Exercise details:
Copy out the data exactly as it appears, without a single image.

Dataset excerpt:
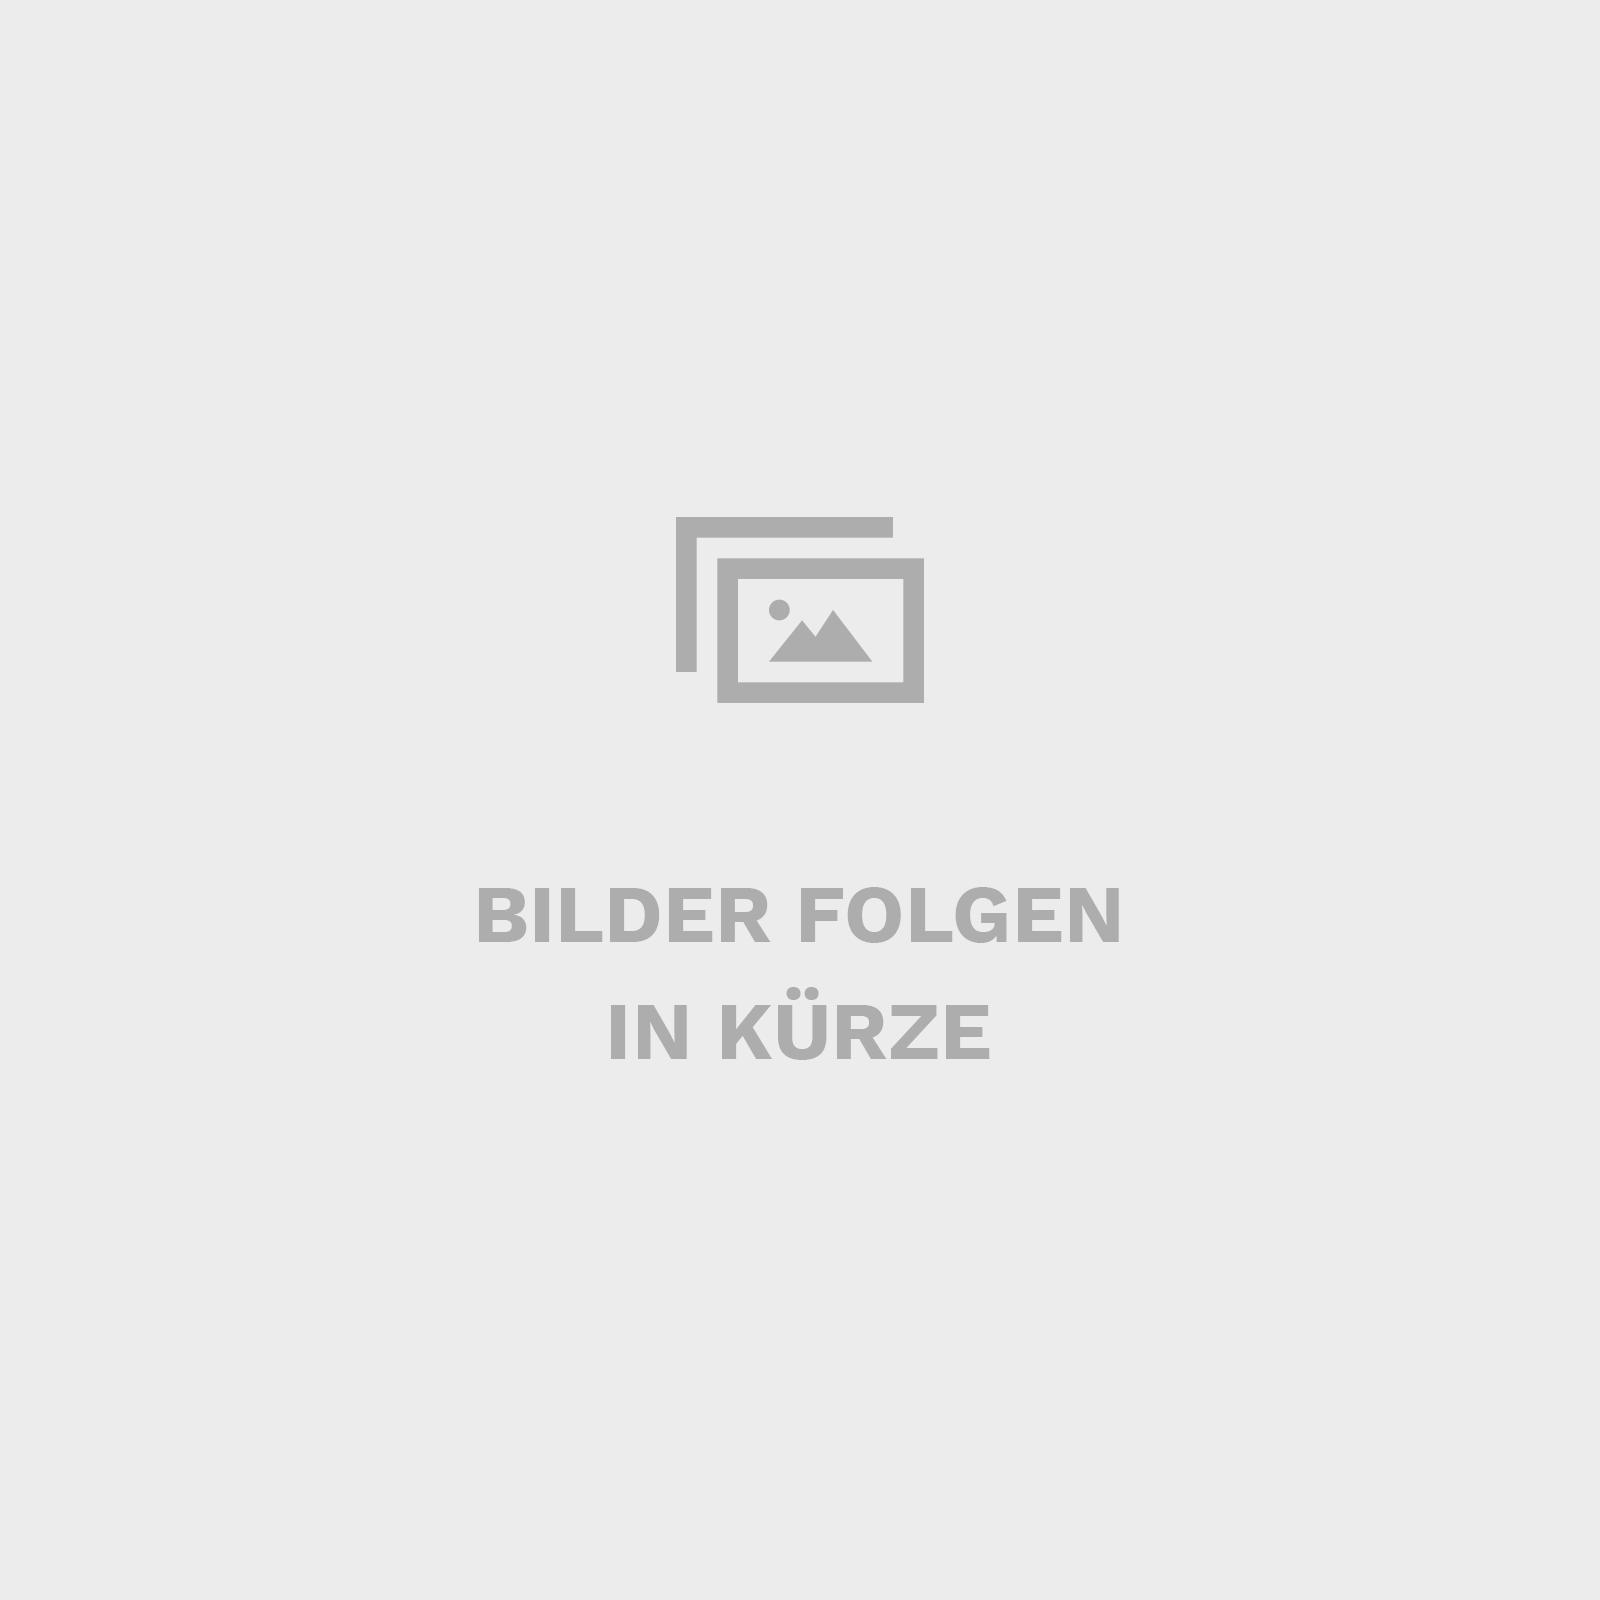 Curling Ceiling - Glasschirm klar/ Reflektor zylindrisch opal
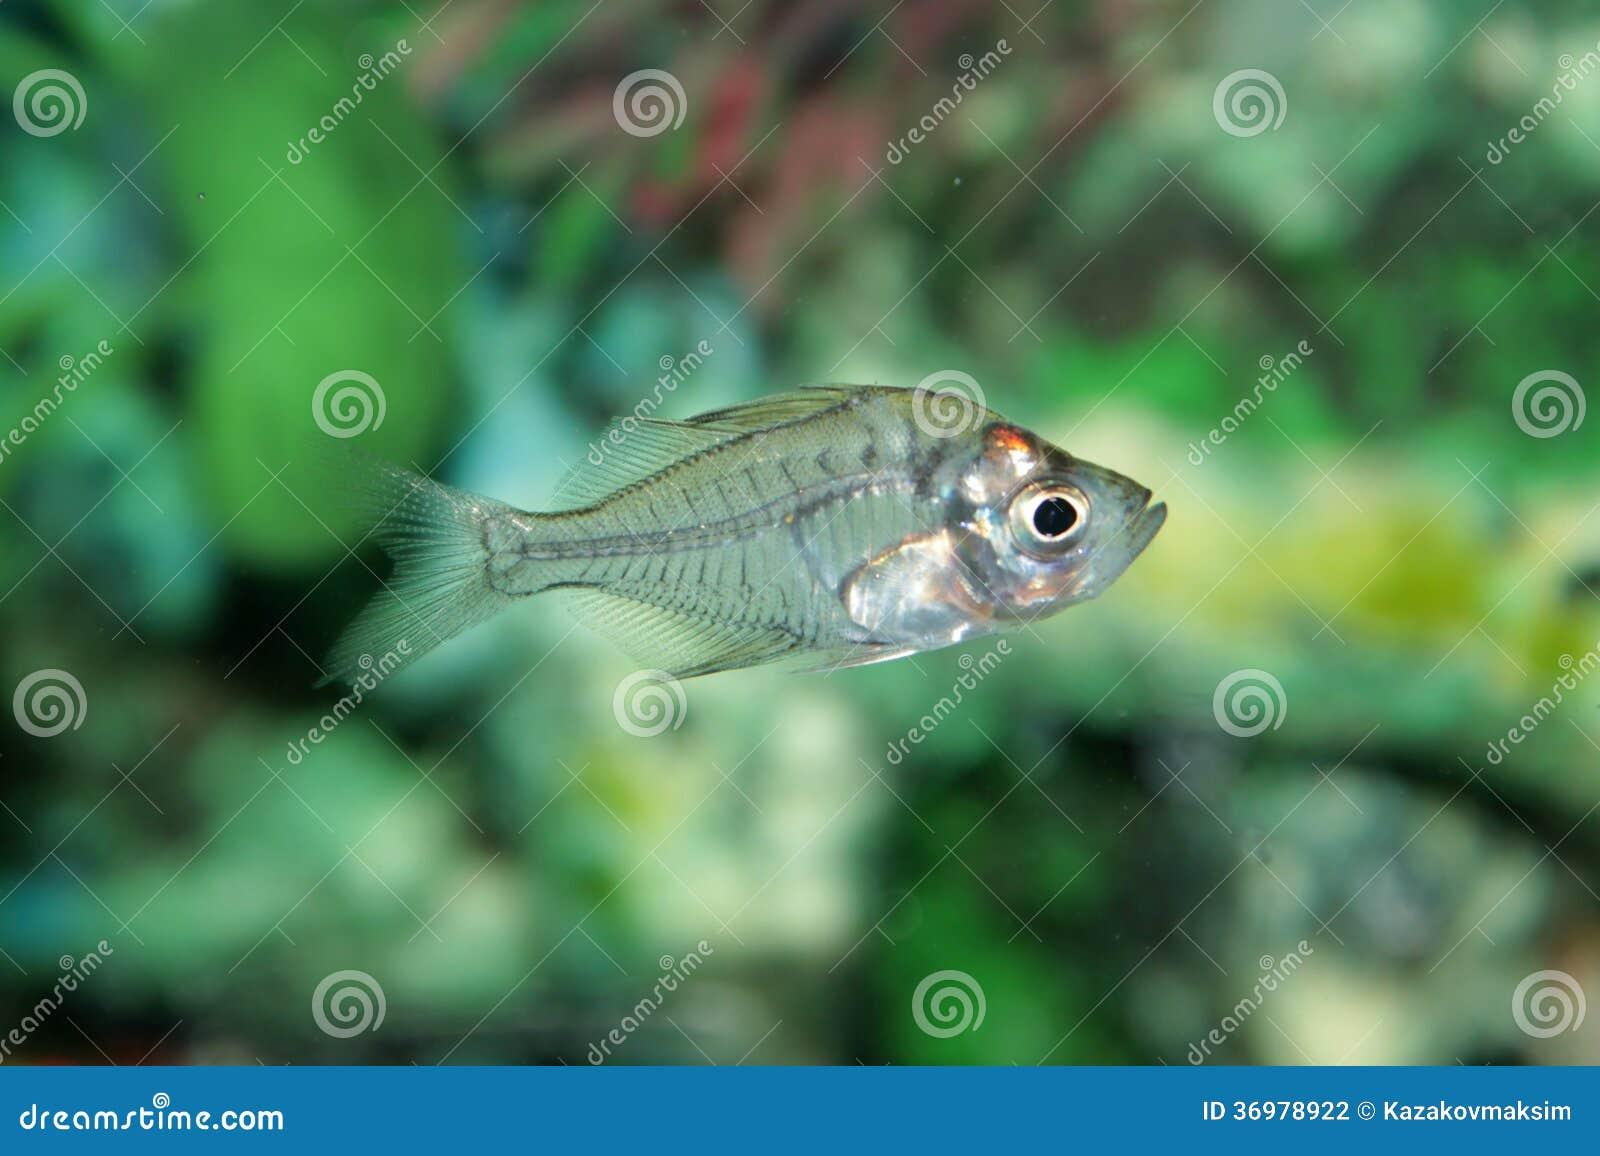 Indian Glass Perch Aquarium Fish Stock Photo Image Of Glassy
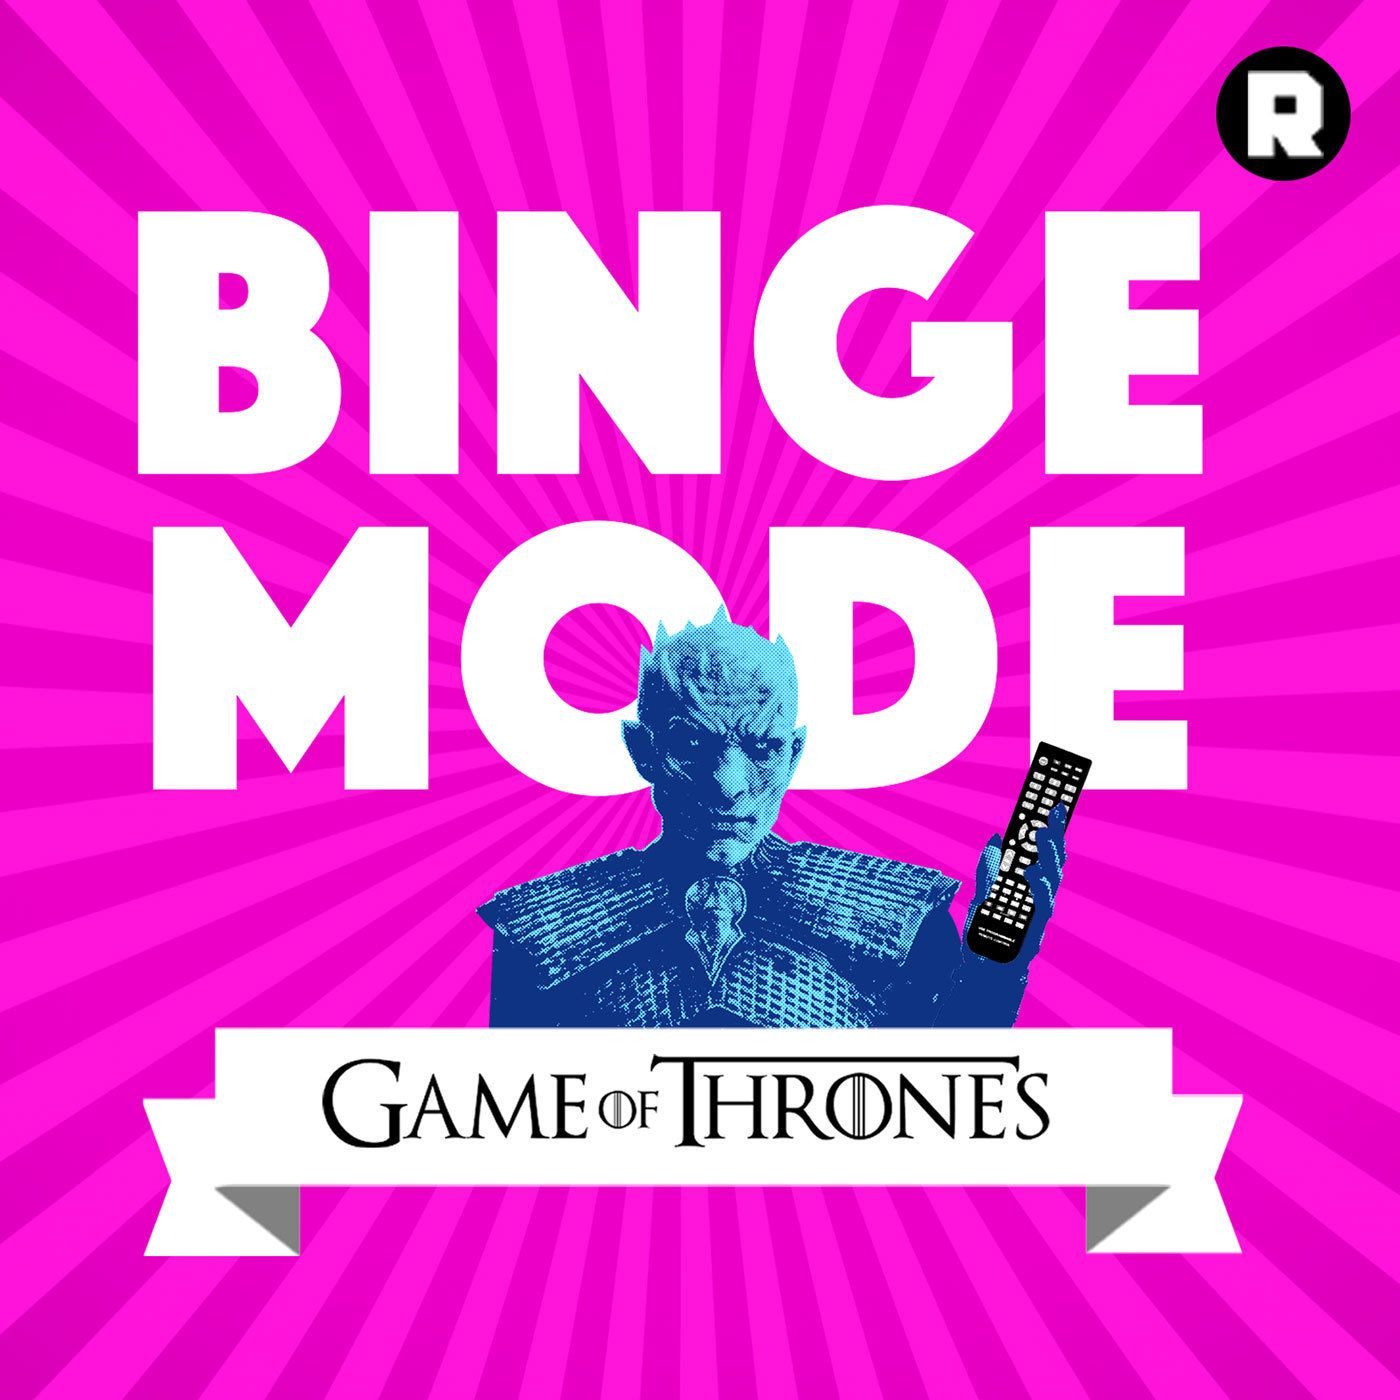 S2E10: Valar Morghulis | Game of Thrones

Answer for this exercise:
 Curling Ceiling - Glasschirm klar/ Reflektor zylindrisch opal
 Indian Glass Perch Aquarium Fish Stock Photo Image Of Glassy
 S2E10: Valar Morghulis | Game of Thrones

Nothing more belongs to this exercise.